> [WORK INSTRUCTIONS]
The expected answer is the data below, printed verbatim without its pictures.

> [STORED DATA]
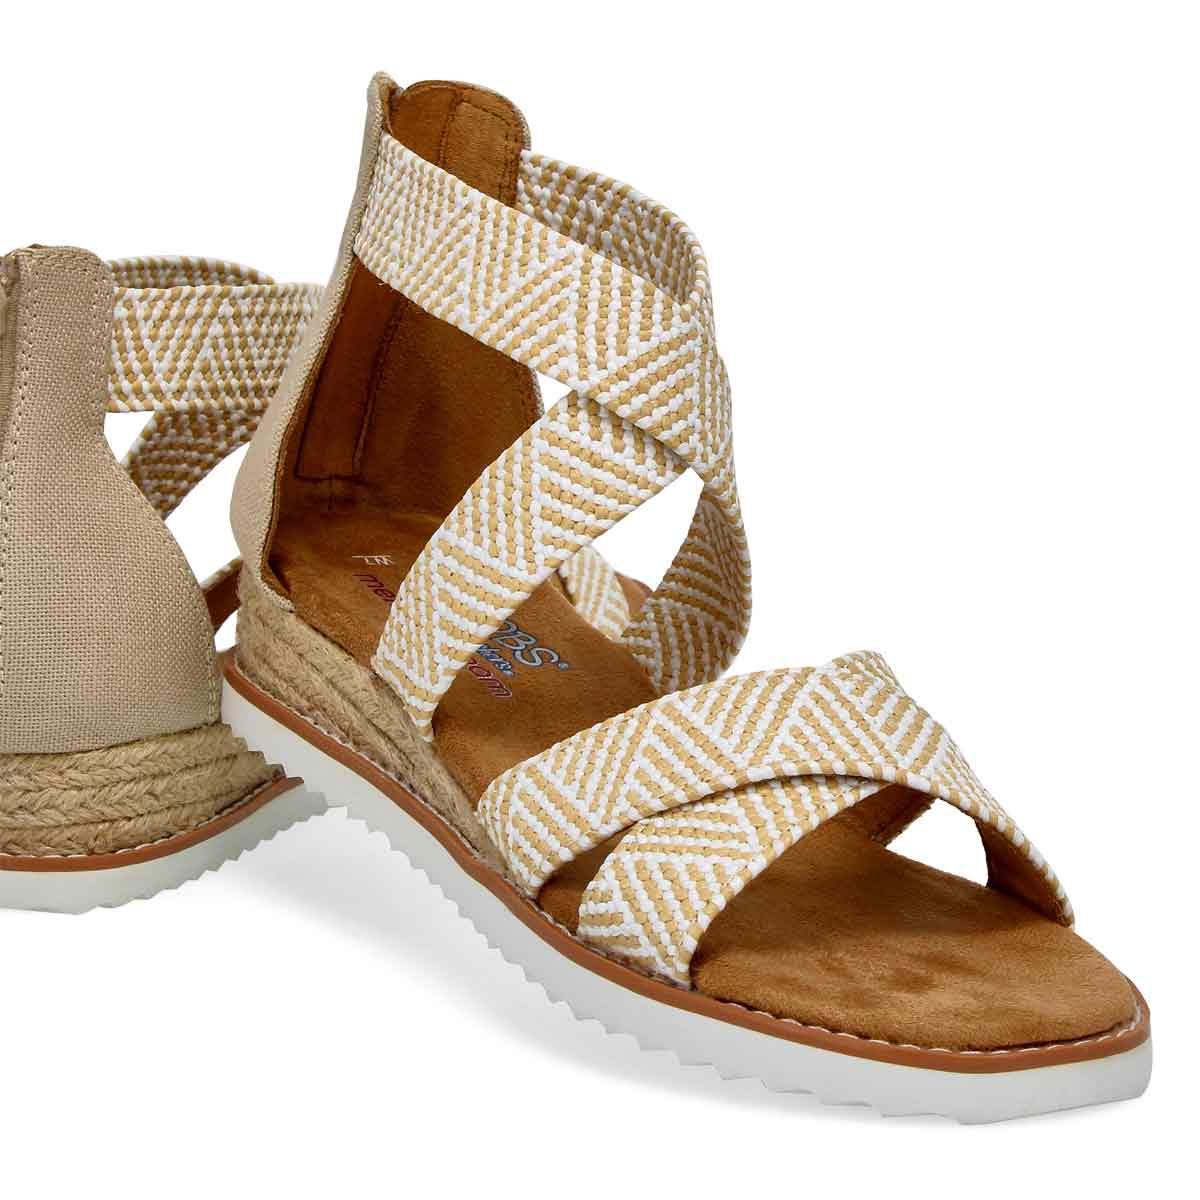 Sandales DESERT KISS SUMMER SUN femmes
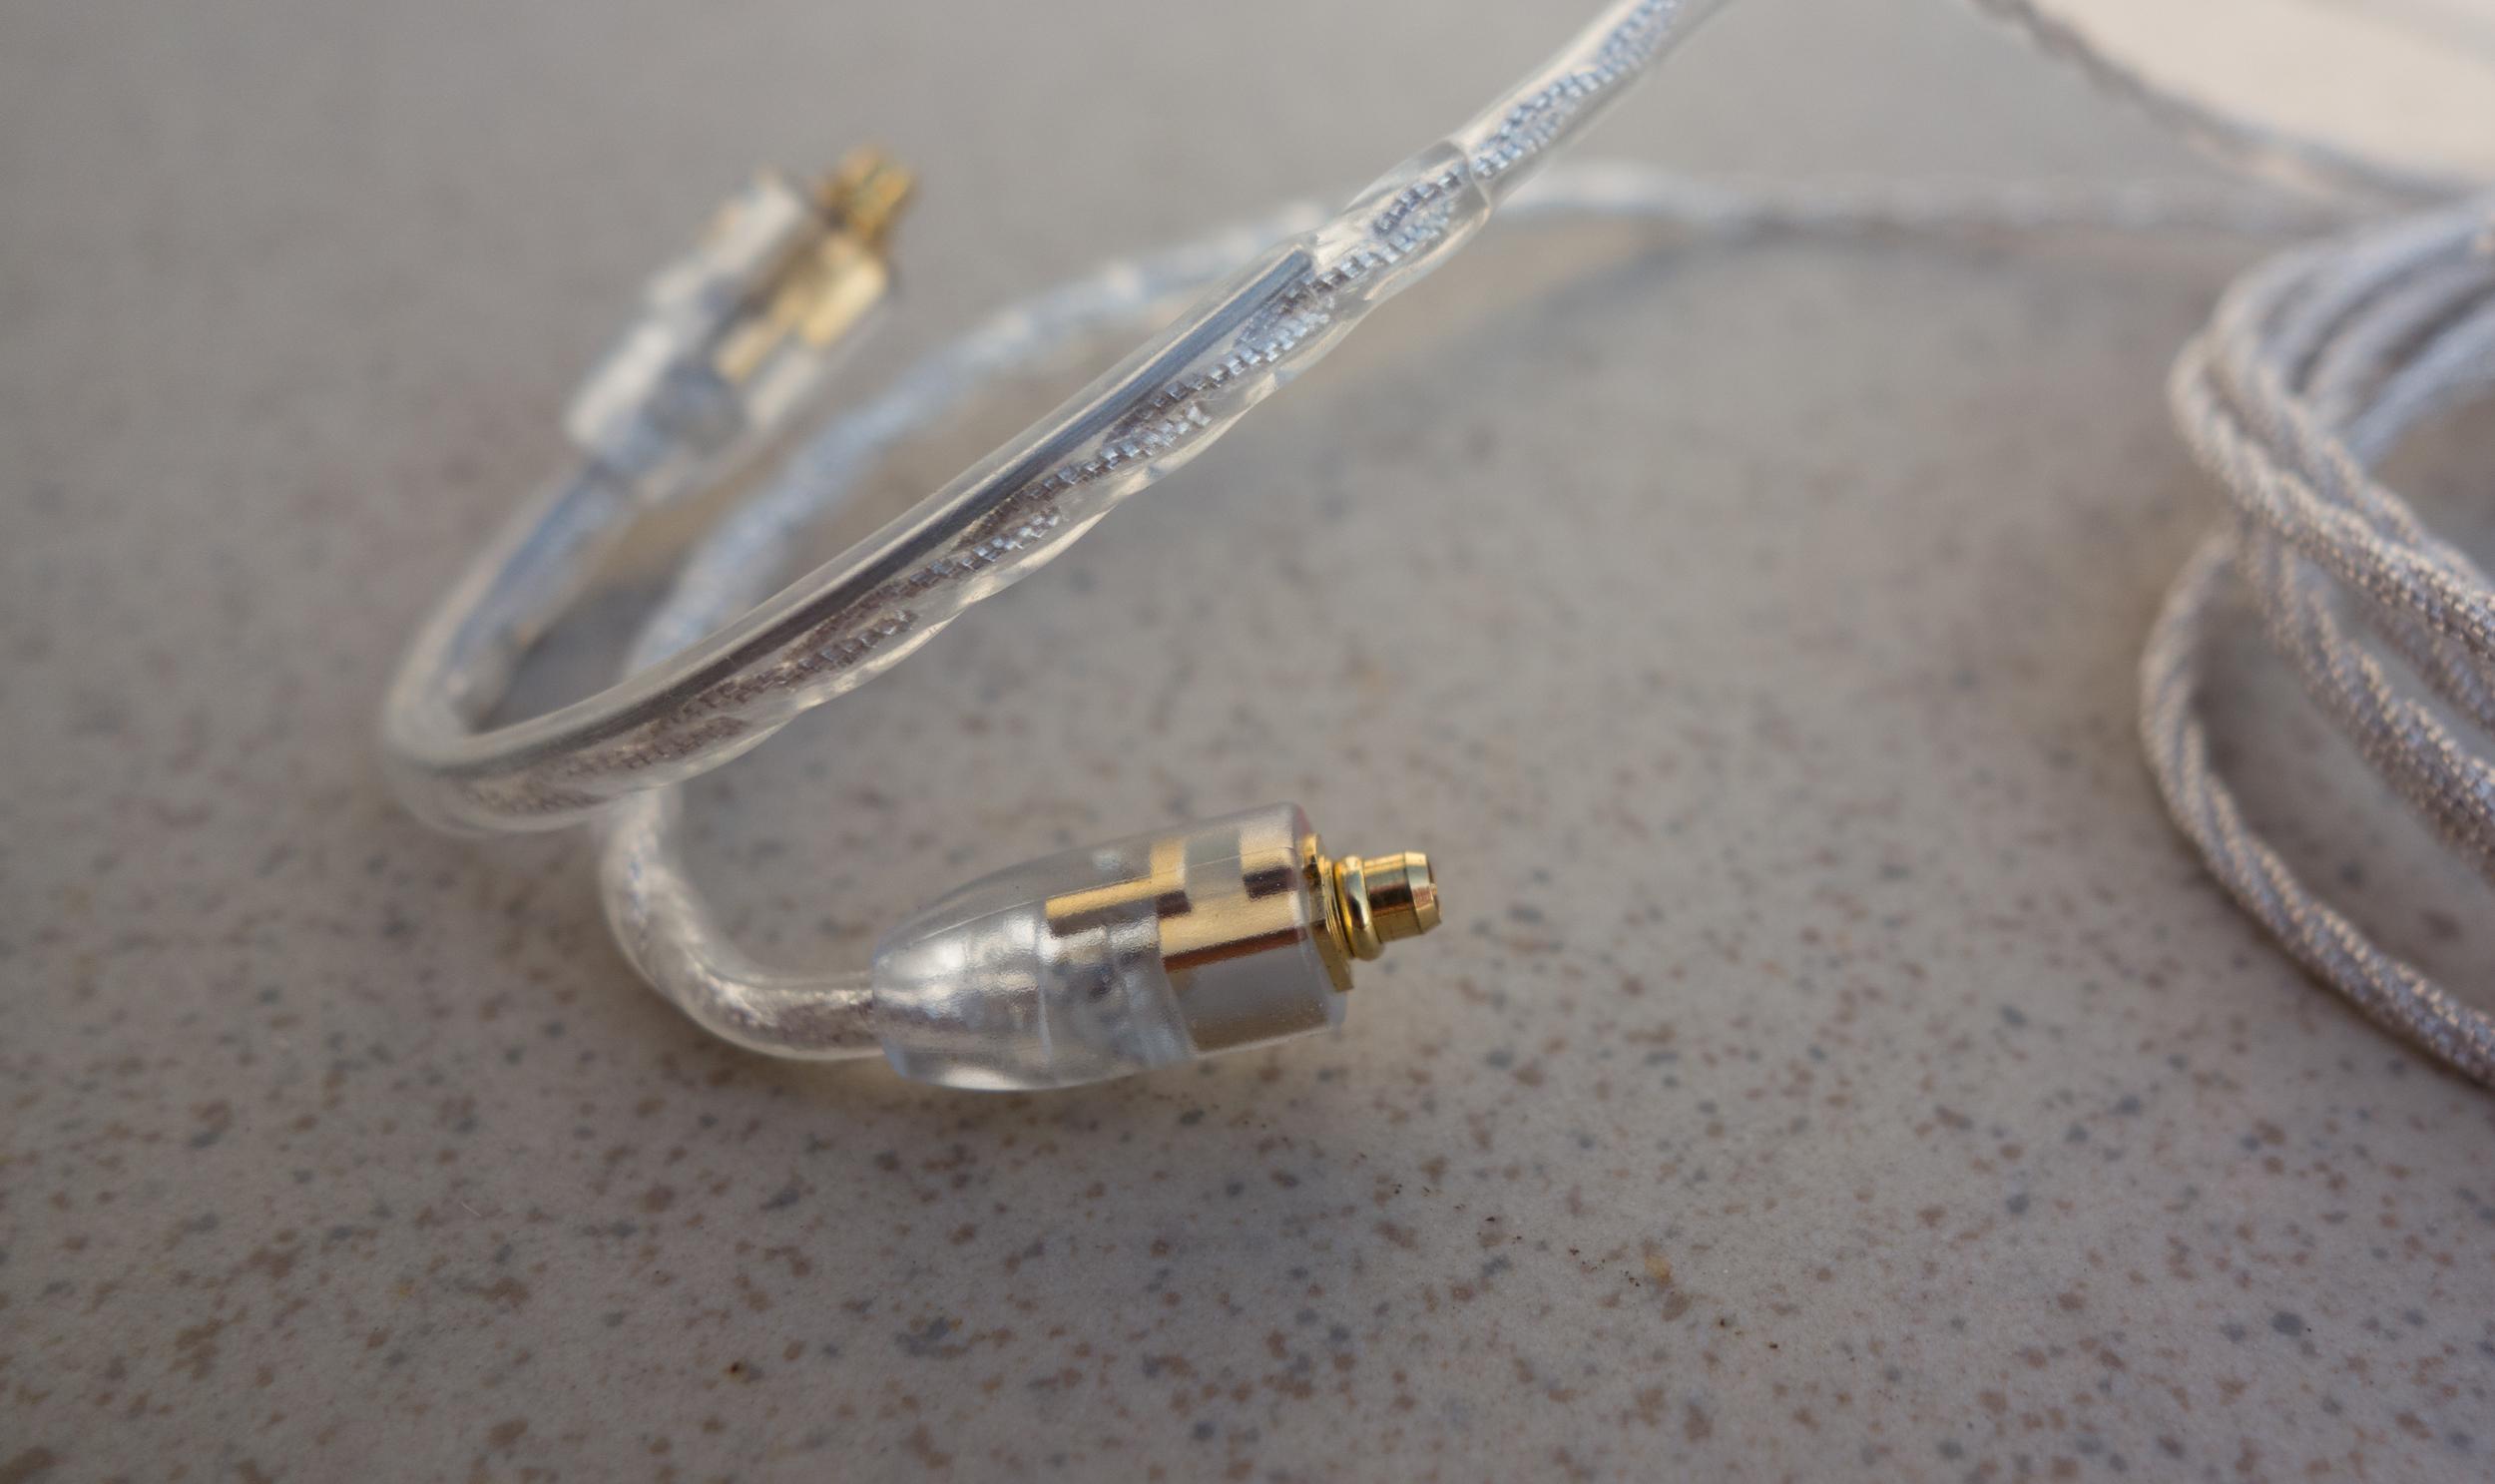 Detachable earphone cable for Campfire Audio IEM's
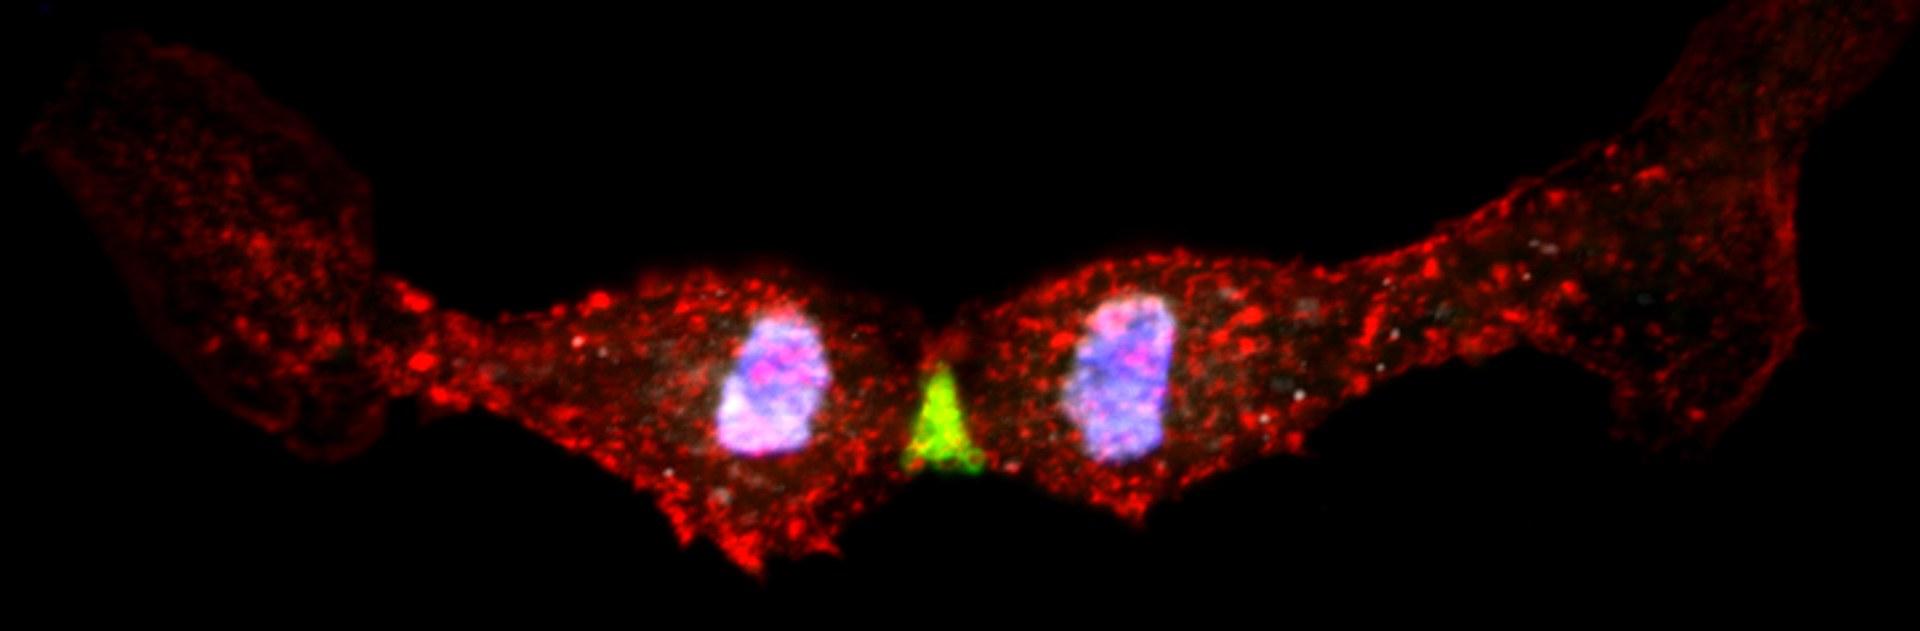 Abbildung einer sich teilenden embryonalen Herzmuskelzelle:
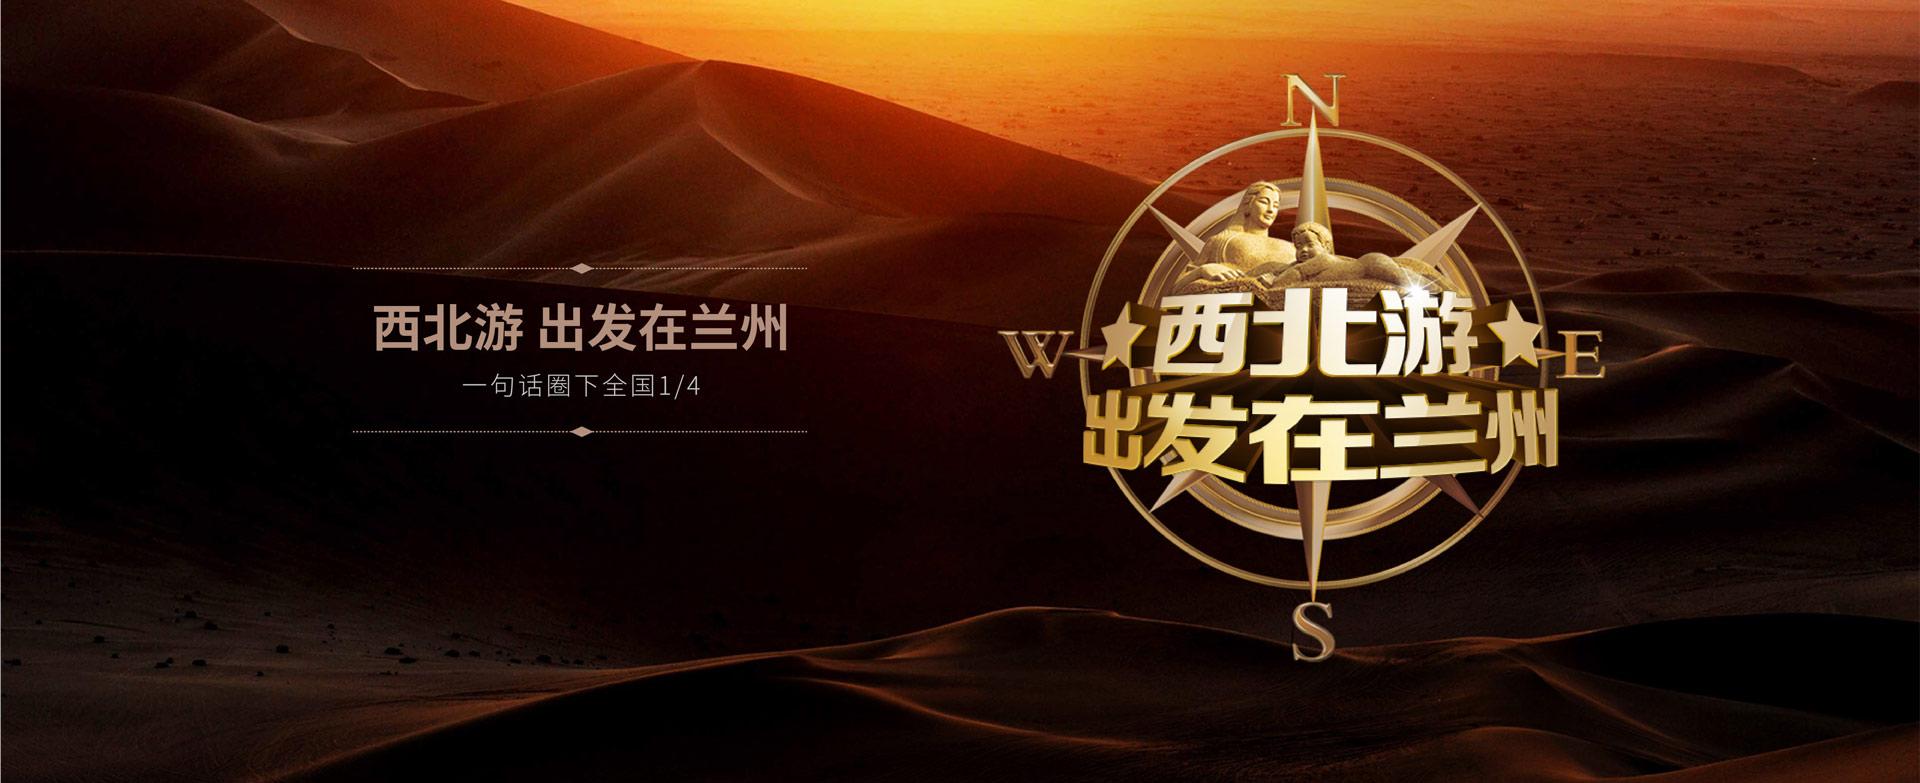 品牌策划公司兰州旅游企业营销策划:中国西北游,出发在兰州

> [SOLUTION]
 Sandales DESERT KISS SUMMER SUN femmes
 Detachable earphone cable for Campfire Audio IEM's
 Abbildung einer sich teilenden embryonalen Herzmuskelzelle:
 品牌策划公司兰州旅游企业营销策划:中国西北游,出发在兰州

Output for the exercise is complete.